» Provided records
---
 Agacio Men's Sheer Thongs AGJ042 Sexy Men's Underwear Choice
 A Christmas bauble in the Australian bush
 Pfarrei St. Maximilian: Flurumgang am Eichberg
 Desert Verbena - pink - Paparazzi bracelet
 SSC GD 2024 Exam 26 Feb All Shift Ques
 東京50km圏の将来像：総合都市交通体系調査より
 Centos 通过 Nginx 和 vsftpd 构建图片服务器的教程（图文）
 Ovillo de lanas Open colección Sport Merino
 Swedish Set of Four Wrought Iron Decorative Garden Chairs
---
» Problem to solve
Write the listing out again in full, exactly as it stands above.

» Solution for this exercise
 Agacio Men's Sheer Thongs AGJ042 Sexy Men's Underwear Choice
 A Christmas bauble in the Australian bush
 Pfarrei St. Maximilian: Flurumgang am Eichberg
 Desert Verbena - pink - Paparazzi bracelet
 SSC GD 2024 Exam 26 Feb All Shift Ques
 東京50km圏の将来像：総合都市交通体系調査より
 Centos 通过 Nginx 和 vsftpd 构建图片服务器的教程（图文）
 Ovillo de lanas Open colección Sport Merino
 Swedish Set of Four Wrought Iron Decorative Garden Chairs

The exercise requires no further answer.